DATA BELOW ▸

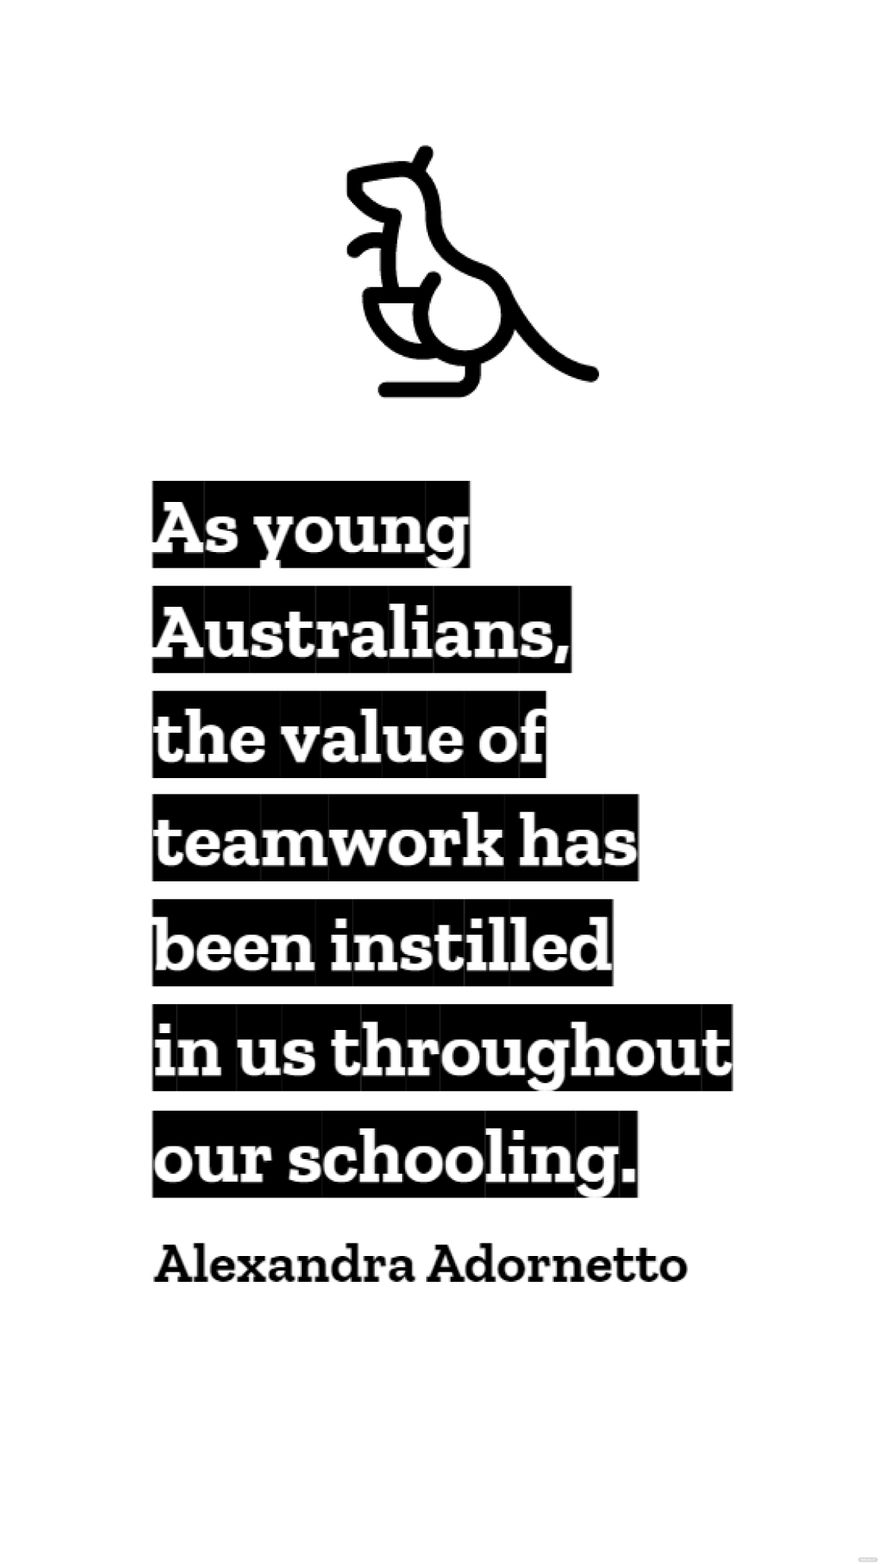 Alexandra Adornetto - As young Australians, the value of teamwork has been instilled in us throughout our schooling.
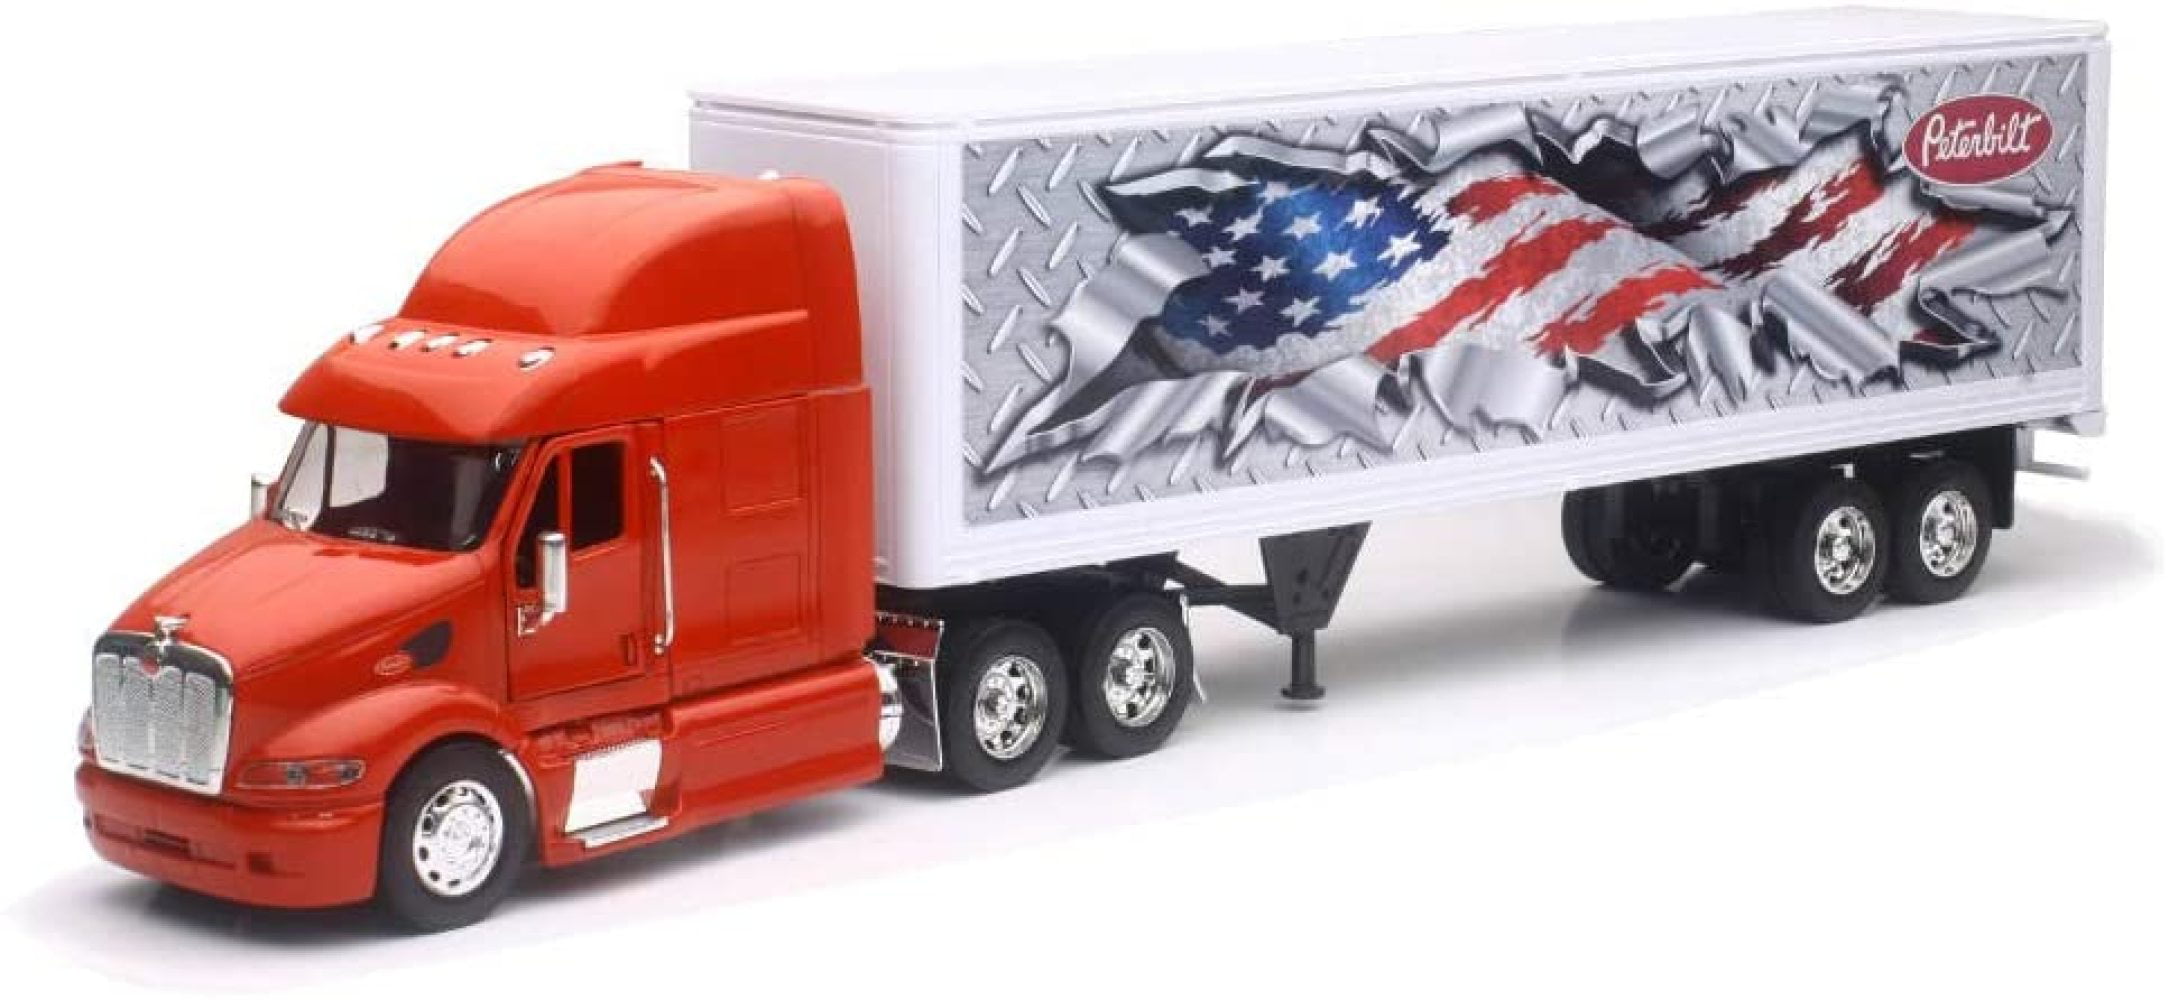 Fast Lane 1:32 Scale Die-Cast Mighty Haulers - Support Our Troops Red Truck  with Trailer
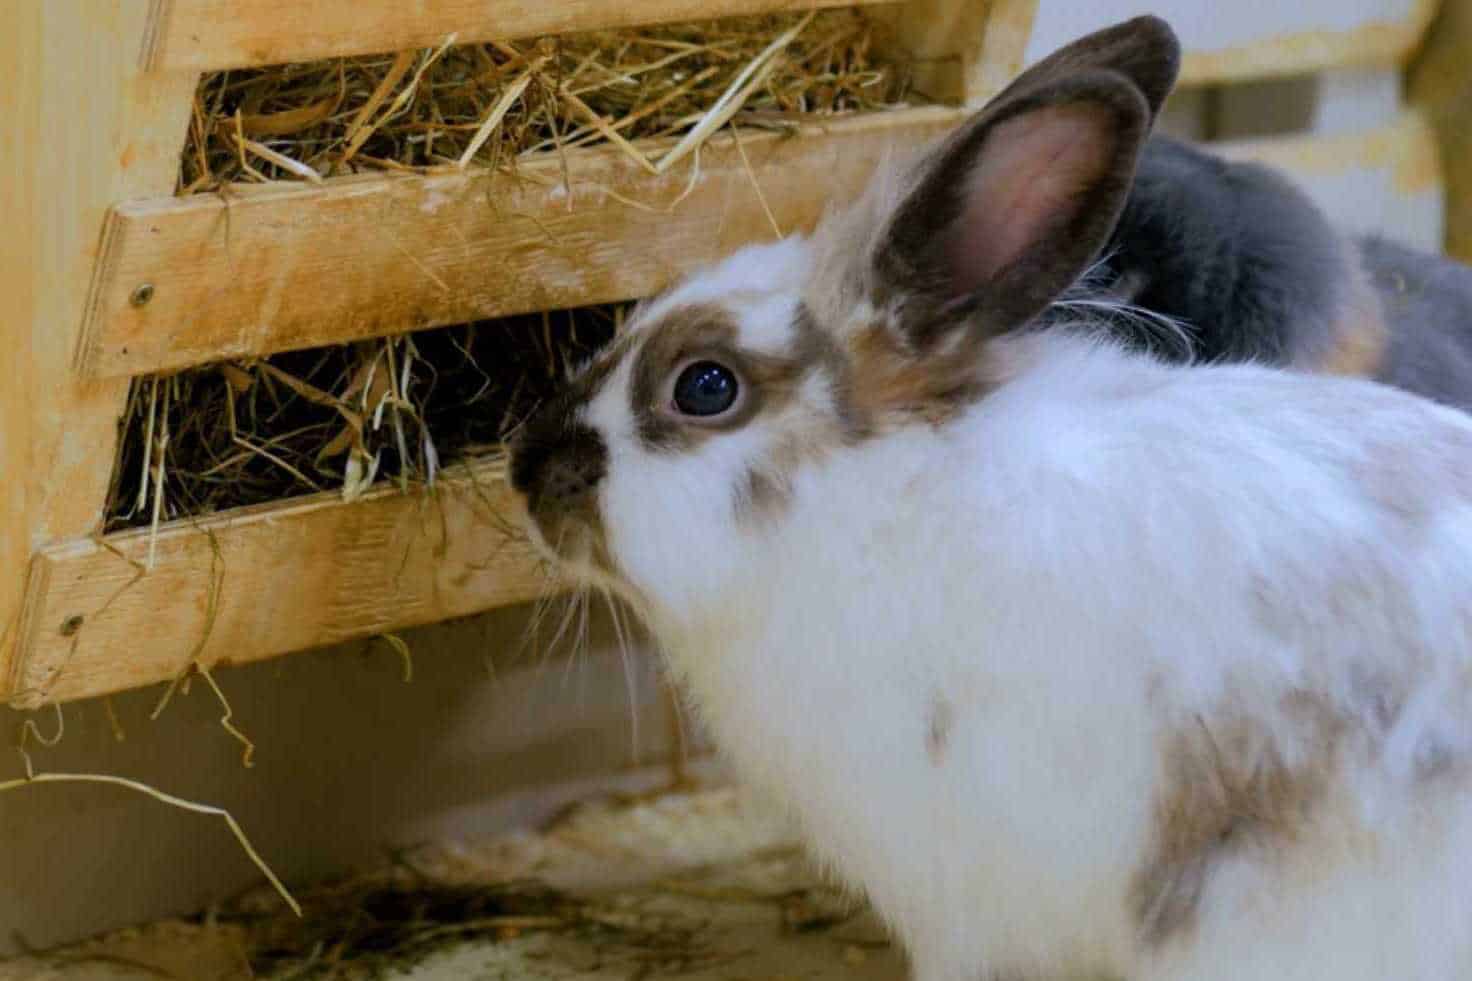 storing hay for rabbits

WHAT TO DO ▸ Transcribe all data precisely. Pictures are not copied.

SOLUTION TO THE EXERCISE ▸
 Alexandra Adornetto - As young Australians, the value of teamwork has been instilled in us throughout our schooling.
 Fast Lane 1:32 Scale Die-Cast Mighty Haulers - Support Our Troops Red Truck  with Trailer
 storing hay for rabbits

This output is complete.